■ **Data section**:
/---
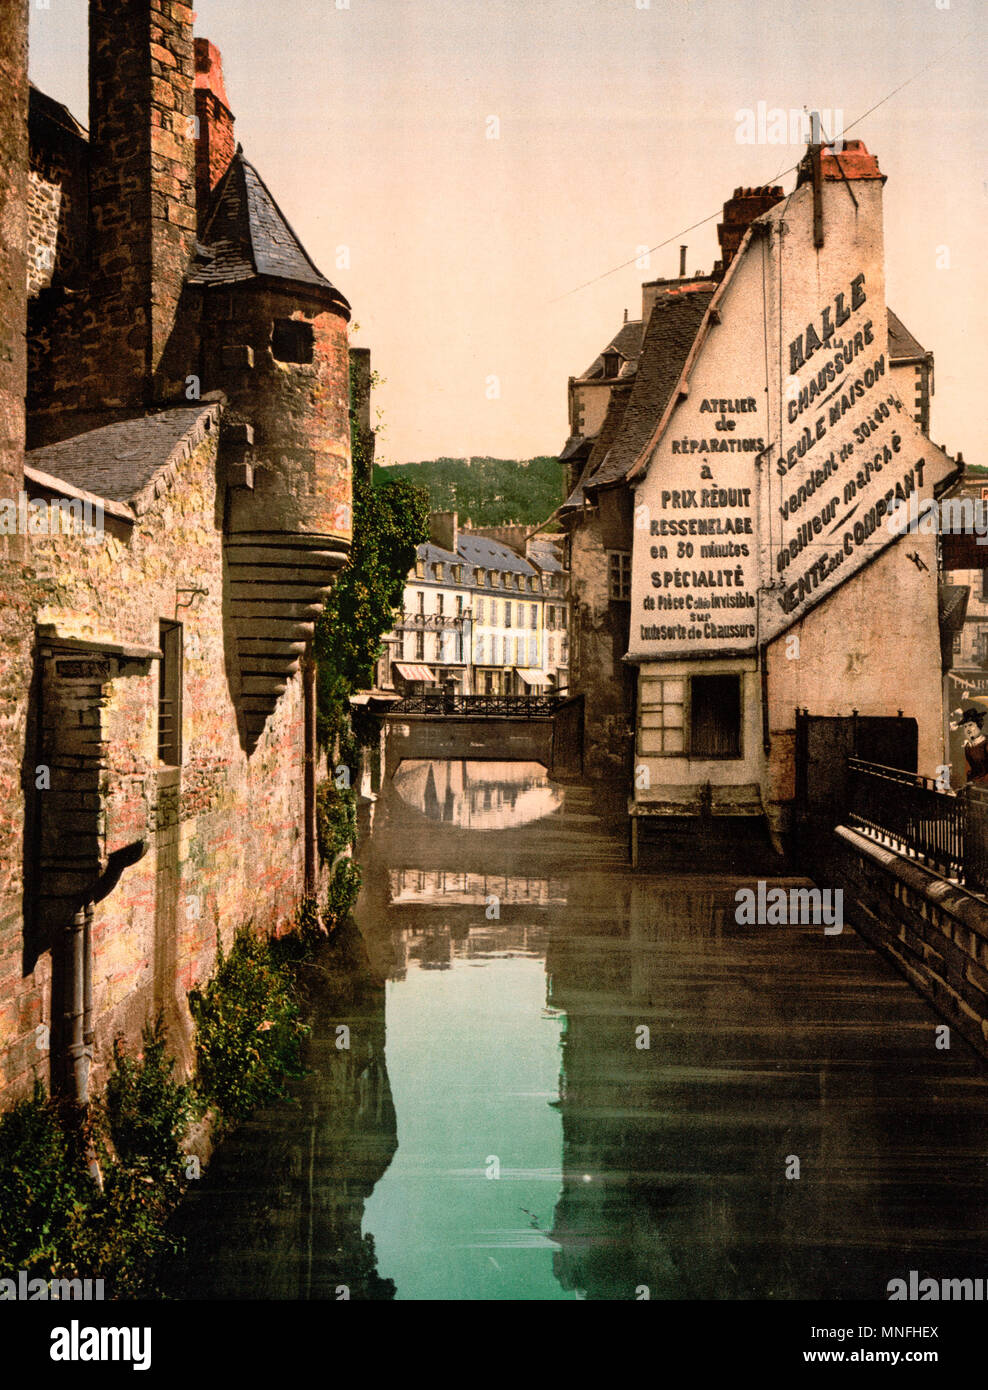 Die fußgängerbrücke von Steir, Quimper, Frankreich, um 1900 Stockfoto
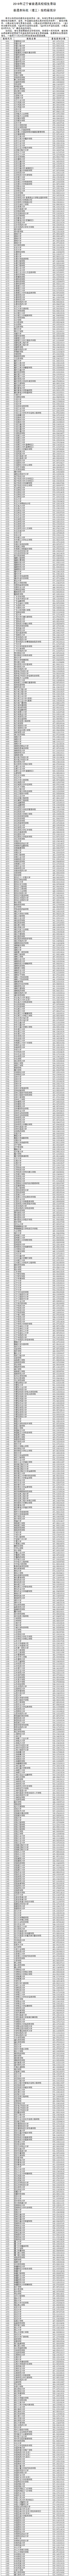 2019辽宁本科投档分数线【理科】
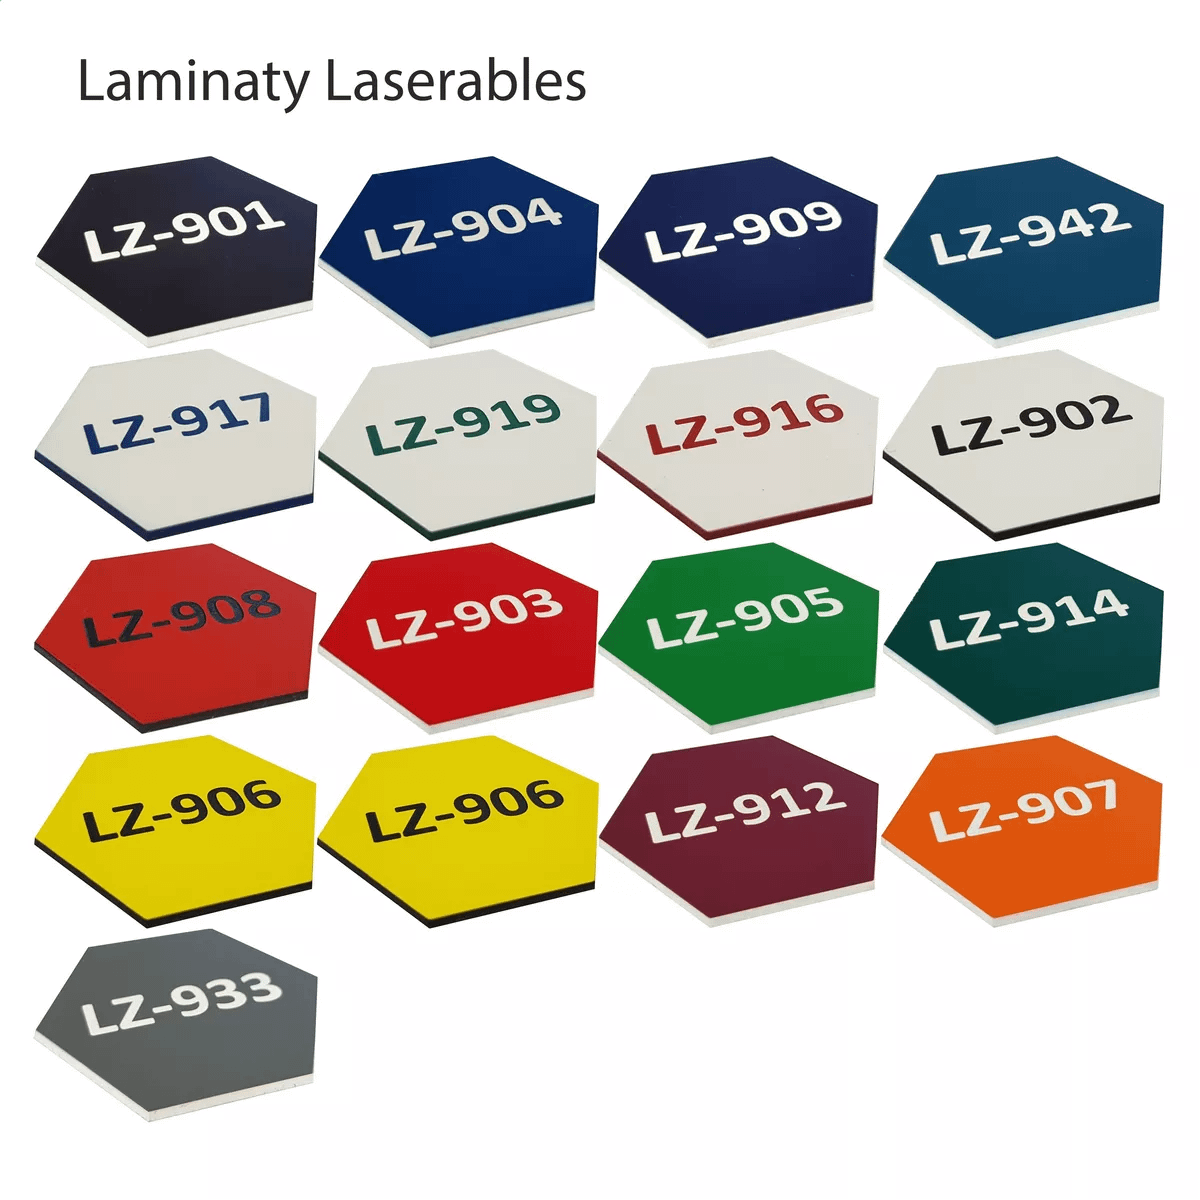 Laminaty Laserables_webp
\---
■ **About this exercise**: Set down the material word for word, and drop every picture from it.

■ **Response below**:
 Die fußgängerbrücke von Steir, Quimper, Frankreich, um 1900 Stockfoto
 2019辽宁本科投档分数线【理科】
 Laminaty Laserables_webp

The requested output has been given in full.